Yawns, flinches, shudders, sighs, smiles, tears, frowns and pouts are never ‘simple’. Like language, these fleeting emotional expressions are slippery, their meanings shifting across different contexts, times and cultures. Of course we’ll never know what Williams really felt in the moment of his yawn. Perhaps tiredness brought on the offending gesture. Perhaps his yawn spewed forth from a maelstrom of anger and frustration, manifesting as boredom, scorn and derision. But from a historian’s point of view, the feelings behind Williams’s yawn matter less than the cultural assumptions its performance highlights. Read by the Judge as an attempt to ridicule and challenge the operation of his power, Williams yawn is very revealing indeed.

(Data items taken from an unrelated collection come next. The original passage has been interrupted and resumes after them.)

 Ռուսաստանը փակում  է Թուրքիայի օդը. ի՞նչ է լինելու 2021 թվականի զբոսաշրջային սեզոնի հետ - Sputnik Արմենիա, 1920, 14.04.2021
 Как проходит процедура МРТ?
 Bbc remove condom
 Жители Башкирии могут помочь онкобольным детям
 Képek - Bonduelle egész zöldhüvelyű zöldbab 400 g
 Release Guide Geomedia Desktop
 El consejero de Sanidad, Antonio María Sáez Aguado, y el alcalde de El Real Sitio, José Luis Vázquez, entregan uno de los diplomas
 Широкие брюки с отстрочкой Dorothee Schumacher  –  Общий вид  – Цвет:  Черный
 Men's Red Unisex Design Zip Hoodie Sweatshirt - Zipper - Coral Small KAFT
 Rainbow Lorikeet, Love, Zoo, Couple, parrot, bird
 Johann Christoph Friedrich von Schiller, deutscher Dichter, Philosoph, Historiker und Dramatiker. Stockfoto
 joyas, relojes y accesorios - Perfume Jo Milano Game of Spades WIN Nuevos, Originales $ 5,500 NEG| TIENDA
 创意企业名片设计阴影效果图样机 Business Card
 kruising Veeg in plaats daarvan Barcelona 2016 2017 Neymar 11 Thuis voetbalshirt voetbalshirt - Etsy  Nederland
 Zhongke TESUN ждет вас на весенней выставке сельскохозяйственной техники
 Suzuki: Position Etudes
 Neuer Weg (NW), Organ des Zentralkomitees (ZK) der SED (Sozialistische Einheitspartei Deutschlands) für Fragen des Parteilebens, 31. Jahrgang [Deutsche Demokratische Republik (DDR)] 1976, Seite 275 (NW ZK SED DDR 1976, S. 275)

Tracing the role of emotional expressions – even ones so marginal and inconsequential-seeming as yawns – in social interaction can help us understand a great deal about cultures of the past. These minor emotional skirmishes show a great deal about how power operates in any given society, how gender, race and class roles are performed, how alliances are formed, hierarchies challenged, manners regulated, expectations swerved and confidences betrayed. Emotions bind us to our communities, our relationships forged and broken on the strength of our feelings, but in reality these negotiations may be subtle ones, taking place over a quizzical look, an almost imperceptible shrug or a giggle stifled. The fact that emotional expressions are governed by rules of display determining what is appropriate or inappropriate reminds us that emotions exist in more than one dimension. We habitually think of our feelings as private, subjective experiences, yet as the history of emotions affirms, emotions are also part of a matrix of cultural identities and social interactions too.

Historians of emotion do their work in this social dimension, shining a light on what for previous generations may have been considered too trivial and too fleeting for study. One of the things historians of emotion do well is to make the familiar strange again, reminding us of the contingency of our own assumptions about feelings through comparison with the past. Over eight-hundred years ago in twelfth-century France, yawning was not an affectation of the angry and disenfranchised, but rather the mark of an ardent young lover. While in English romances unrequited lovers sighed, in Occitan they yawned for the object of their affections, as a verse written by the troubadour Arnaut Daniel in 1170 testifies:

Day-long I stretch, all times, like a bird preening,
And yawn for her


Liz Gray
PhD Student, QMUL Centre for the History of the Emotions

Emotions are personal ‘things’. They are pervasive and they are how we all connect – with each other, and with our past. They are also one of the ways, often the first way we connect with history in general. But my emotions are mine, and your emotions are yours. And the emotions I felt five years ago are related to, but not the same as, the emotions I feel today. The emotions you felt five years ago are related to, but not the same as, the emotions you feel today. So what is there to gain from studying the history of emotions?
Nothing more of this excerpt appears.